Modeling non-linear relationships in epidemiological data: The application and interpretation of spline models

Noah A Schuster; Judith J M Rijnhart; Jos W R Twisk; Martijn W Heymans

doi:10.3389/fepid.2022.975380

Modeling non-linear relationships in epidemiological data: The application and interpretation of spline models

Front Epidemiol. 2022 Aug 18:2:975380. doi: 10.3389/fepid.2022.975380. eCollection 2022.

Authors

Noah A Schuster^{1

2}, Judith J M Rijnhart^{1

2}, Jos W R Twisk^{1

2}, Martijn W Heymans^{1

2}

Affiliations

¹ Amsterdam UMC location Vrije Universiteit Amsterdam, Epidemiology and Data Science, Amsterdam, Netherlands.
² Amsterdam Public Health, Methodology, Amsterdam, Netherlands.

Abstract

Objective: Traditional methods to deal with non-linearity in regression analysis often result in loss of information or compromised interpretability of the results. A recommended but underutilized method for modeling non-linear associations in regression models is spline functions. We explain spline functions in a non-mathematical way and illustrate the application and interpretation to an empirical data example.

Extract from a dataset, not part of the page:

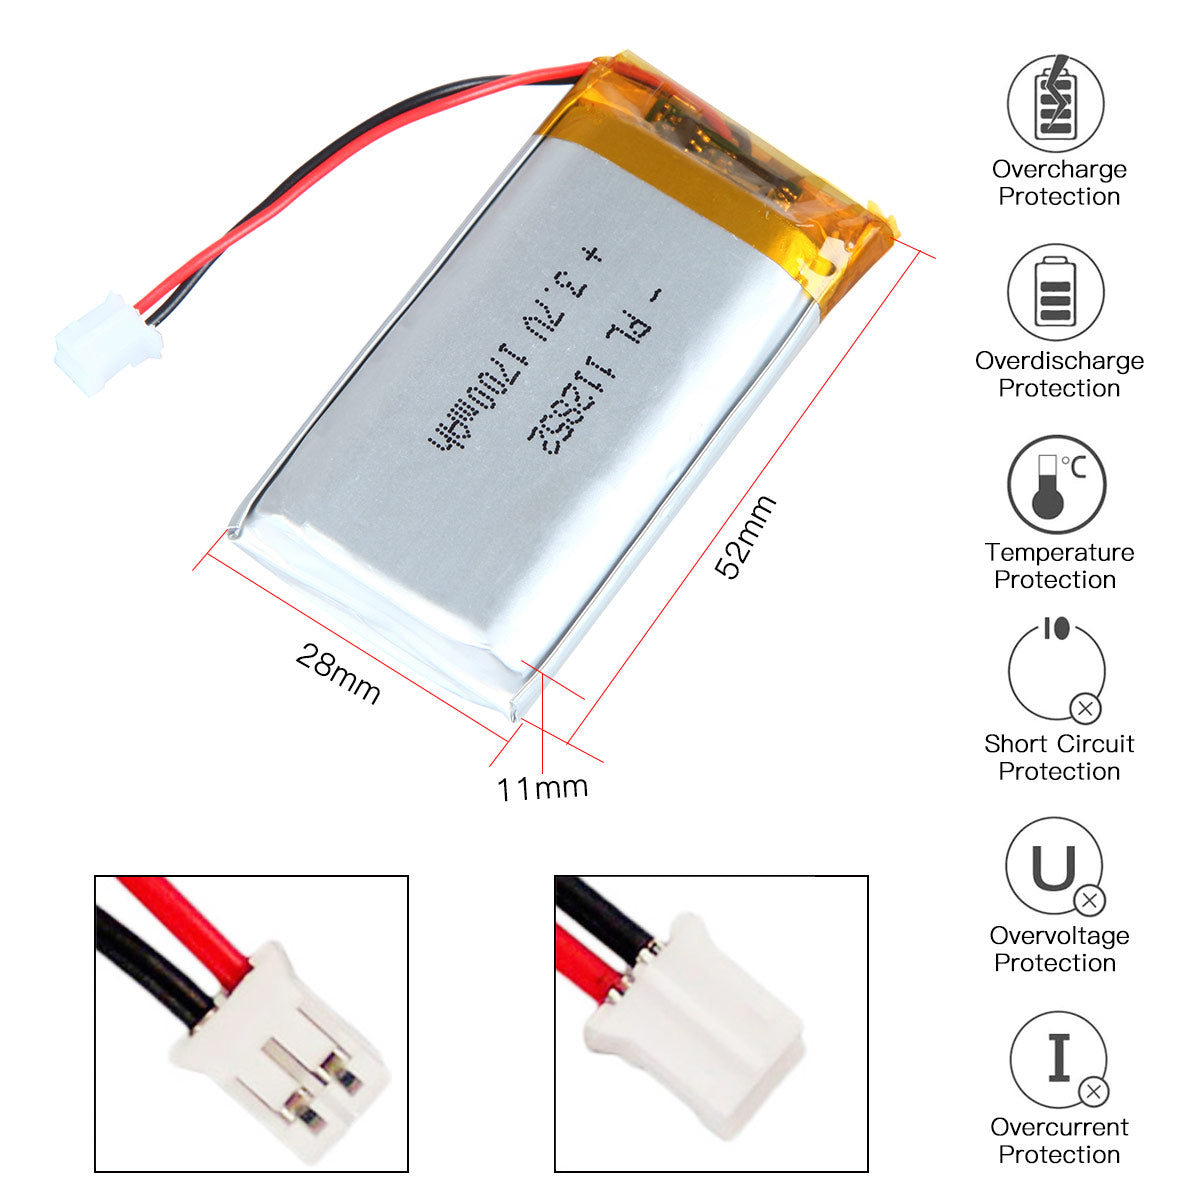 YDL 3.7V 1700mAh 112852 Rechargeable Lipo Battery with JST Connector - YDL Battery

Methods: Using data from the Amsterdam Growth and Health Longitudinal Study, we examined the non-linear relationship between the sum of four skinfolds and VO₂max, which are measures of body fat and cardiorespiratory fitness, respectively. We compared traditional methods (i.e., quadratic regression and categorization) to spline methods [1- and 3-knot linear spline (LSP) models and a 3-knot restricted cubic spline (RCS) model] in terms of the interpretability of the results and their explained variance ( $r_{a d j}^{2}$ ).

Results: The spline models fitted the data better than the traditional methods. Increasing the number of knots in the LSP model increased the explained variance (from $r_{a d j}^{2} = 0.578$ for the 1-knot model to $r_{a d j}^{2} = 0.582$ for the 3-knot model). The RCS model fitted the data best ( $r_{a d j}^{2} = 0.591$ ), but results in regression coefficients that are harder to interpret.

Conclusion: Spline functions should be considered more often as they are flexible and can be applied in commonly used regression analysis. RCS regression is generally recommended for prediction research (i.e., to obtain the predicted outcome for a specific exposure value), whereas LSP regression is recommended if one is interested in the effects in a population.

Keywords: epidemiological methods; linear splines; non-linearity; regression analysis; restricted cubic splines; spline functions.